The molecular docking of epicatechin, catechin, and p-hydroxybenzoic acid with LasR revealed the high binding affinity of the phytochemicals; epicatechin in particular interacted with seven conventional hydrogen bonds. The interactions of the components were better than the interaction of the natural ligand, OdDHL. Furthermore, catechin and epicatechin had slightly lower binding energy than OdDHL. The three components had common interaction residues with OdDHL (Arg55, Tyr58, Thr69) (Fig. 6). The high binding affinity with similar binding points implicated that these components would inhibit the LasR by competitively interfering with the binding of the autoinducer, OdDHL. Therefore, the anti-QS activity on P. aeruginosa could be the result of the LasR inhibition.

The molecular docking of epicatechin, catechin, and p-hydroxybenzoic acid demonstrated that these components had binding affinity with CviR. However, the ability to bind to CviR was found to be lower than their binding affinity towards LasR. The three components exhibited better interaction with LasR in binding energy and interaction strength. These components had almost all the interactions of the natural ligand, C6-HSL (Leu57, Leu72, Val75, Tyr80, Tyr88, Asp97, Ser155) with CviR. The binding energies of the molecules were close to each other.
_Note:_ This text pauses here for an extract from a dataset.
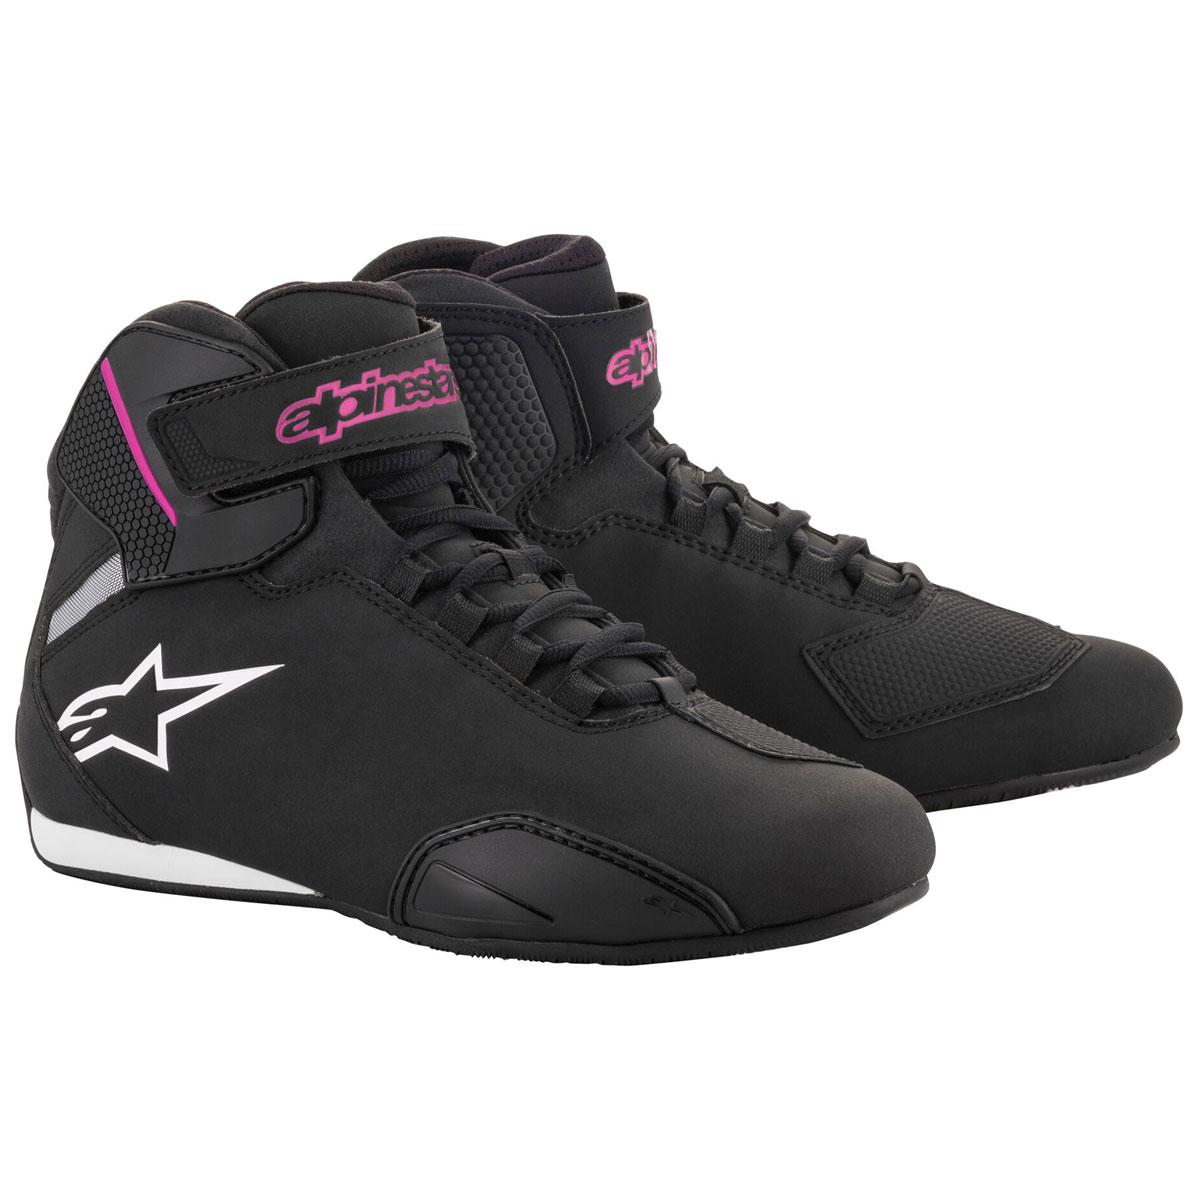 Alpinestars Women's Stella Secktor Black/Pink Riding Shoes

The components had less interaction than C6-HSL separately (Fig. 7). Together with this, the cumulative interactions of the three constituents were higher than C6-HSL. Hence, the anti-QS effect on C. violaceum might result from the inhibition of CviR by the constituents competitively. In the experimental study, grape seed extract was found to be more active on P. aeruginosa than C. violaceum. Similarly, in the computational study, the three phytoconstituents had a better binding affinity towards LasR than CviR. Hence, the computational analysis confirmed the outcomes of the activity study. As a result, considering the literature data and the computational analysis results, it is thought that the antibacterial and anti-QS activity of the grape seed extract may be due to the synergistic effect of the phenolic phytochemicals in its content. Hopefully, the outcomes of this study will provide new insight into the treatment of infectious diseases.